Marcelo Timorán

Personal information
- Full name: Marcelo Stephano Timorán Paz
- Date of birth: 8 July 2006 (age 20)
- Place of birth: Oruro, Bolivia
- Height: 1.75 m (5 ft 9 in)
- Position: Left-back

Team information
- Current team: Córdoba B
- Number: 20

Youth career
- 2019–2022: Osuna Bote
- 2022–2024: Séneca
- 2024–2025: Córdoba

Senior career*
- Years: Team / Apps / (Gls)
- 2025–: Córdoba B / 6 / (0)
- 2025–: Córdoba / 1 / (0)

International career^{‡}
- 2025–: Bolivia / 1 / (0)

= Marcelo Timorán =

Bolivian footballer (born 2006)

Marcelo Stephano Timorán Paz (born 8 July 2006) is a Bolivian footballer who plays for Spanish club Córdoba CF B and the Bolivia national team.
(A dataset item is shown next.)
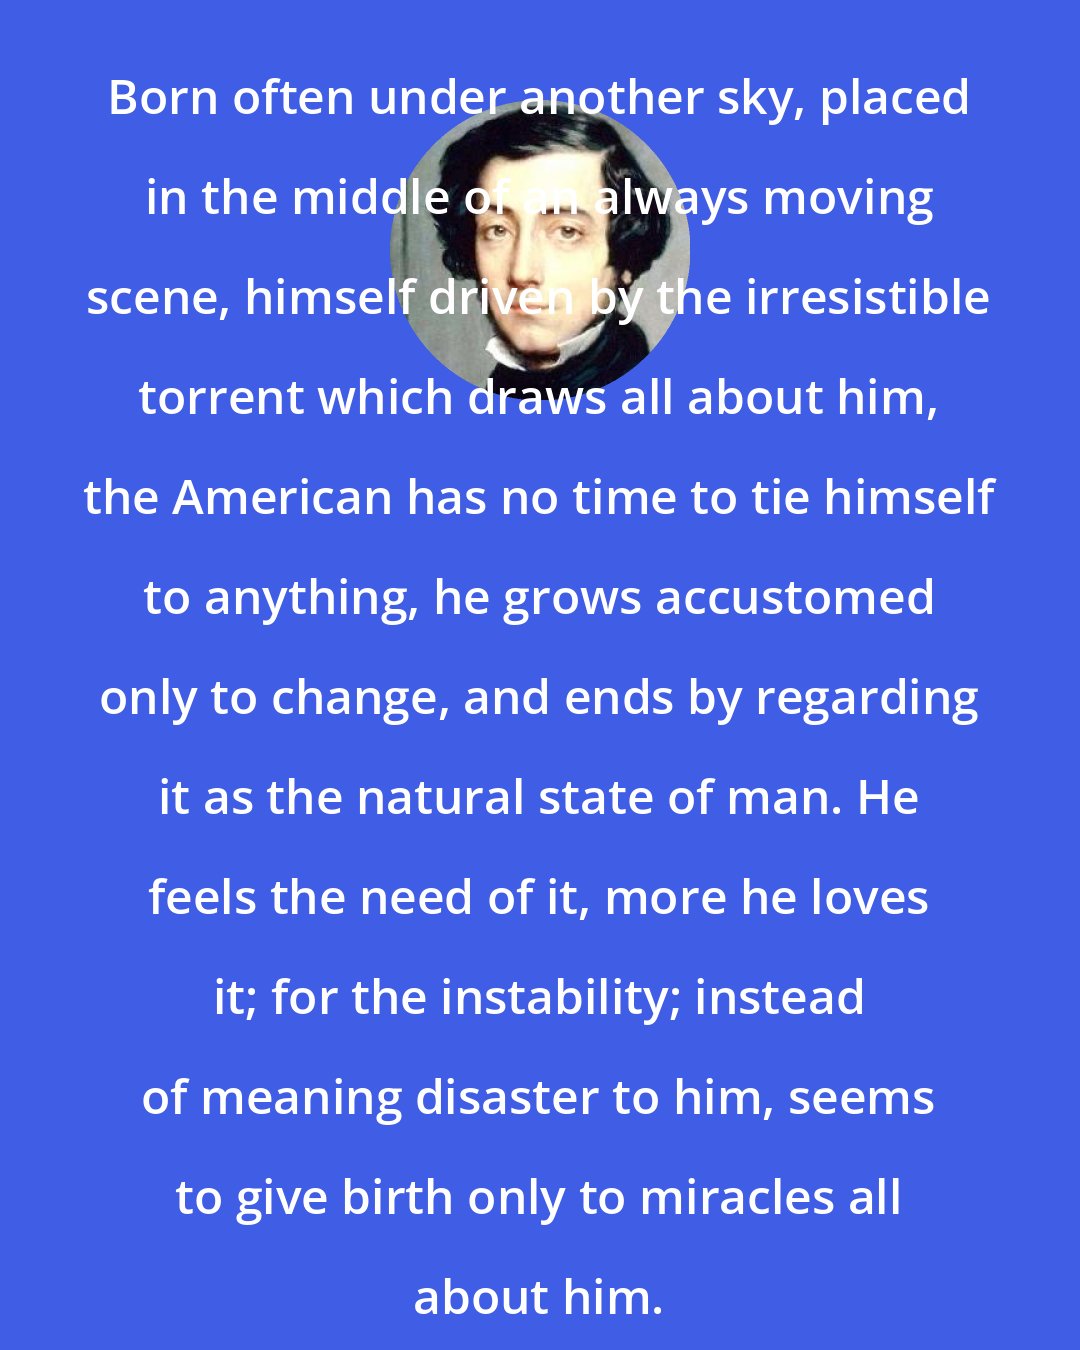 Alexis de Tocqueville: Born often under another sky, placed in the middle of an always moving scene, himself driven by the irresistible torrent which draws all about him, the American has no time to tie himself to anything, he grows accustomed only to change, and ends by regarding it as the natural state of man. He feels the need of it, more he loves it; for the instability; instead of meaning disaster to him, seems to give birth only to miracles all about him.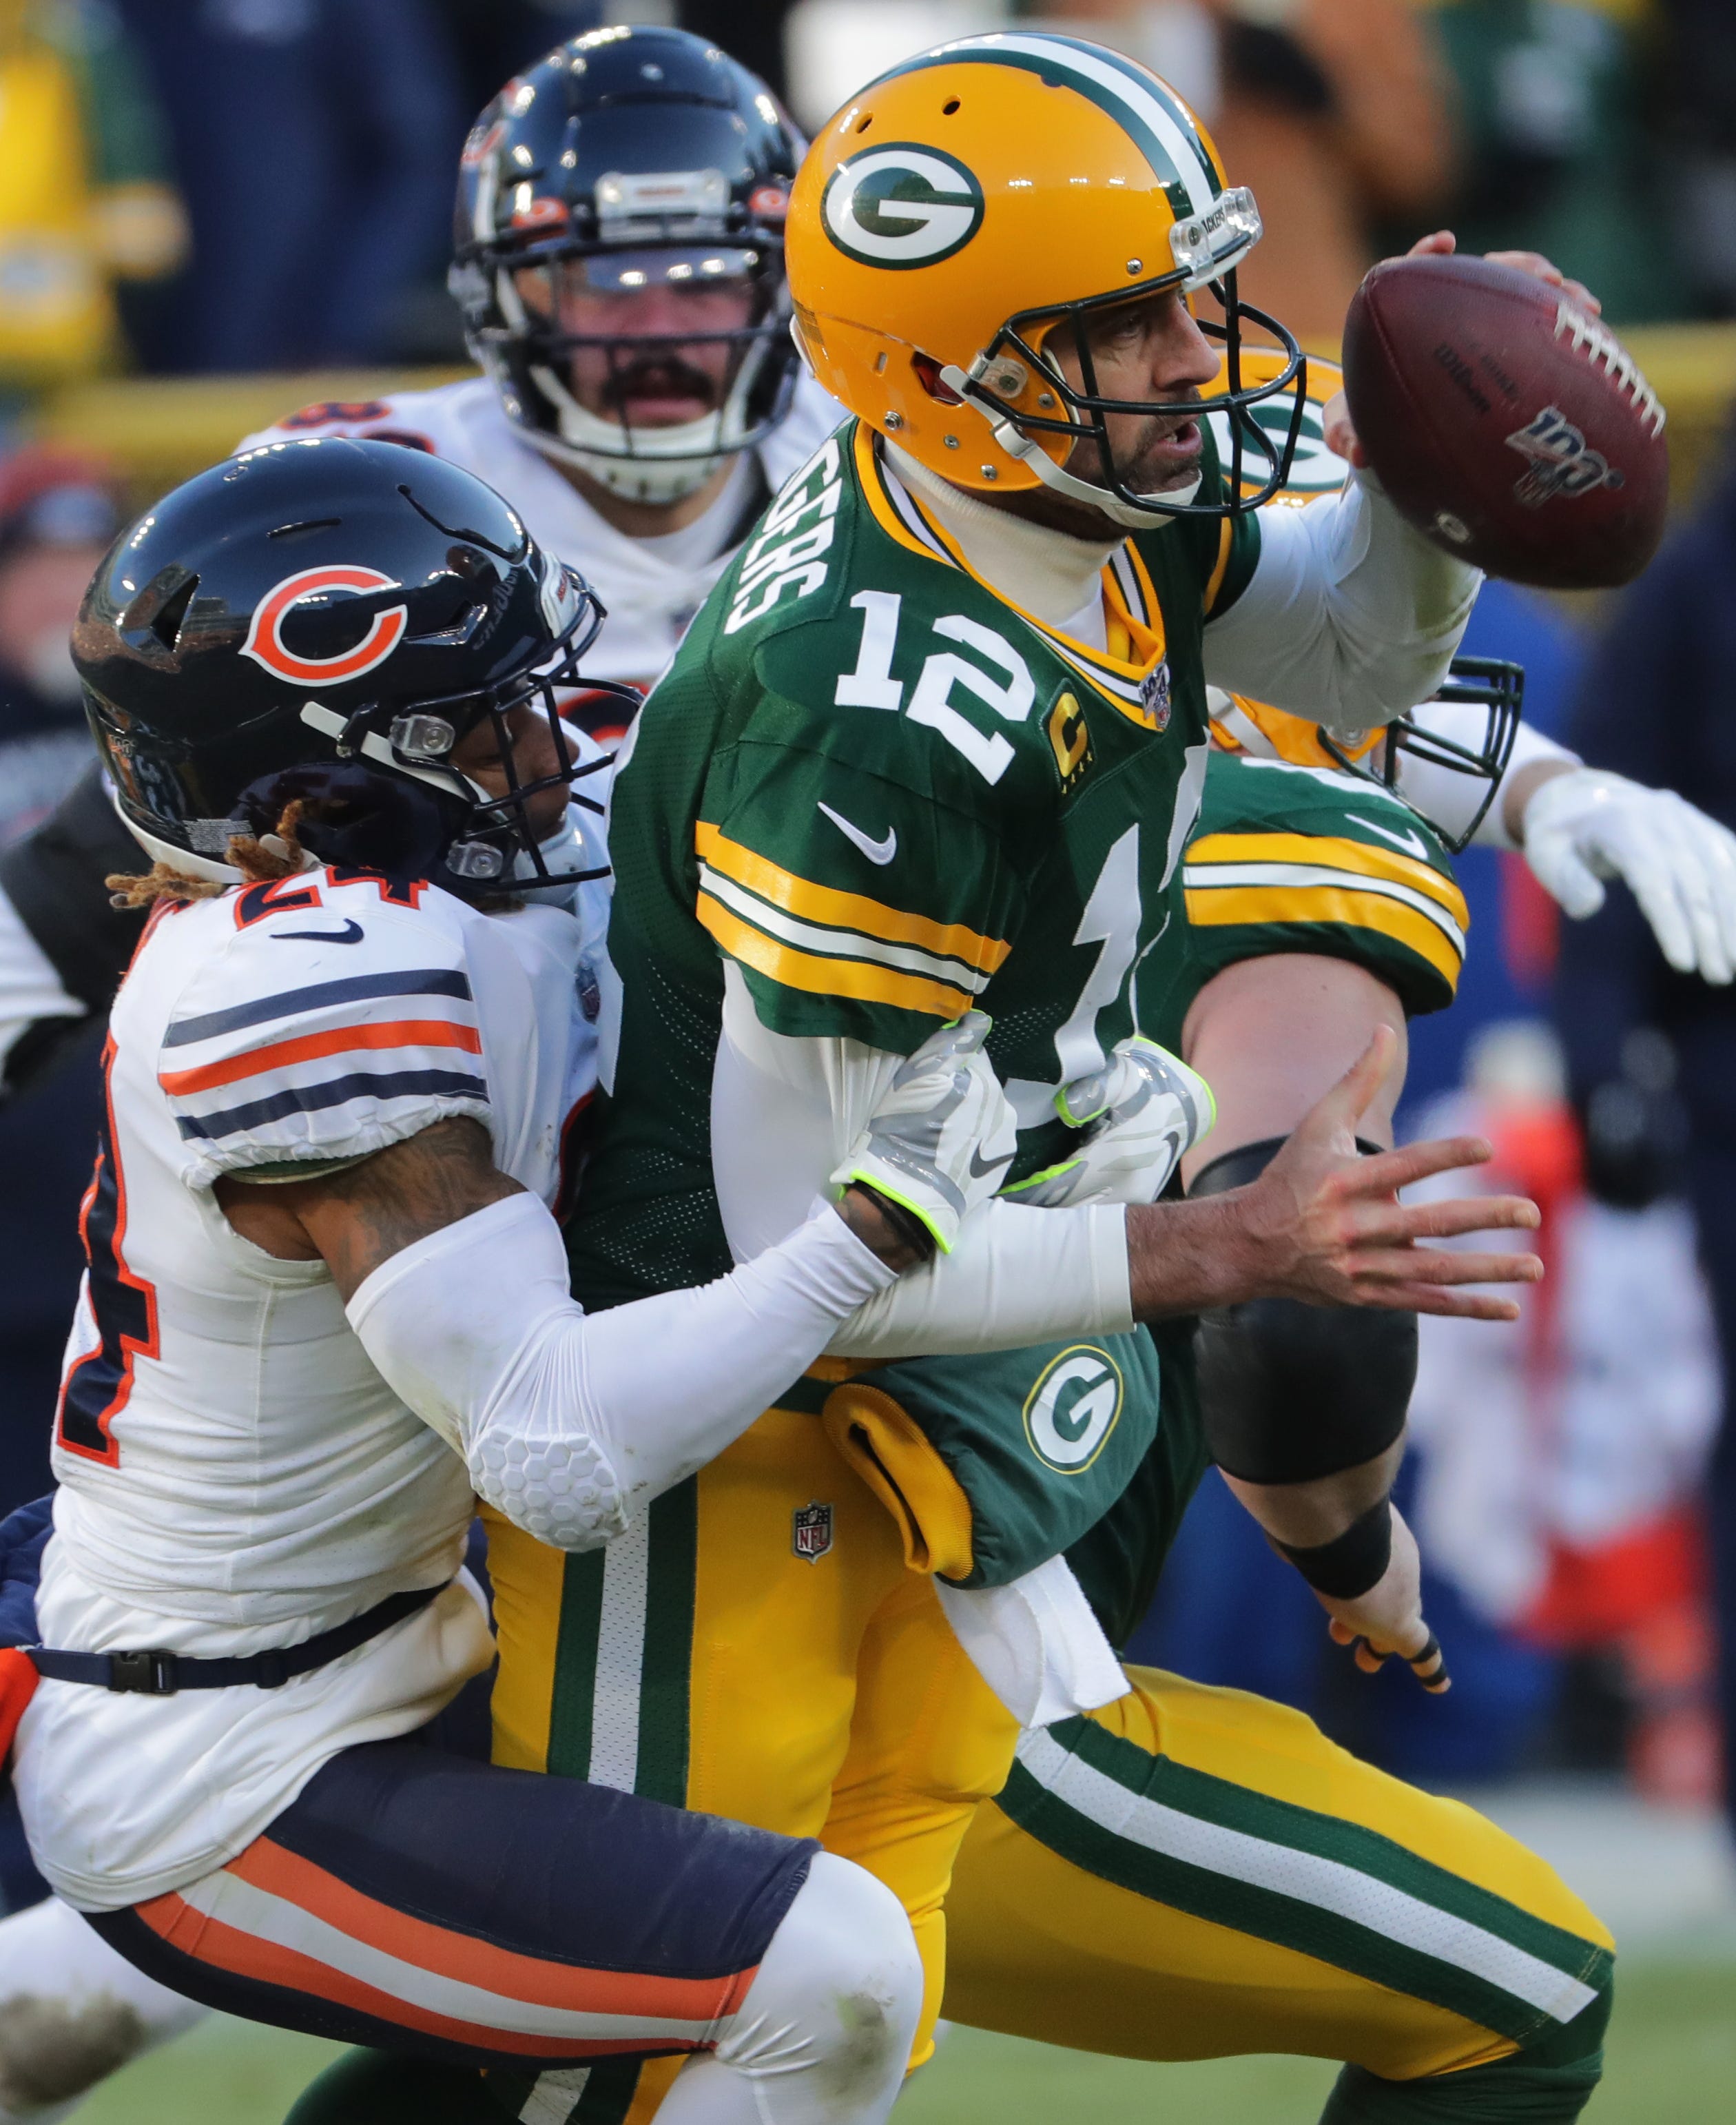 Green Bay Packers quarterback Aaron Rodgers (12) manages to avoid a sack bystander Chicago Bears cornerback Buster Skrine (24) during the fourth quarter of their game Sunday, December 15, 2019 at Lambeau Field in Green Bay, Wis. The Green Bay Packers beat the Chicago Bears 21-13.

Mainly a left-back, he can also play as a left winger.

==Club career==
Born in Oruro, Timorán moved to Gilena, Andalusia at the age of 12, and joined the youth sides of Osuna Bote Club a year later. He later represented Séneca CF before moving to Córdoba CF's youth sides in 2024.

Timorán made his senior debut with the reserves on 22 February 2025, coming on as a late substitute in a 2–2 Tercera Federación home draw against Sevilla FC C. On 30 September, he renewed his contract until 2028.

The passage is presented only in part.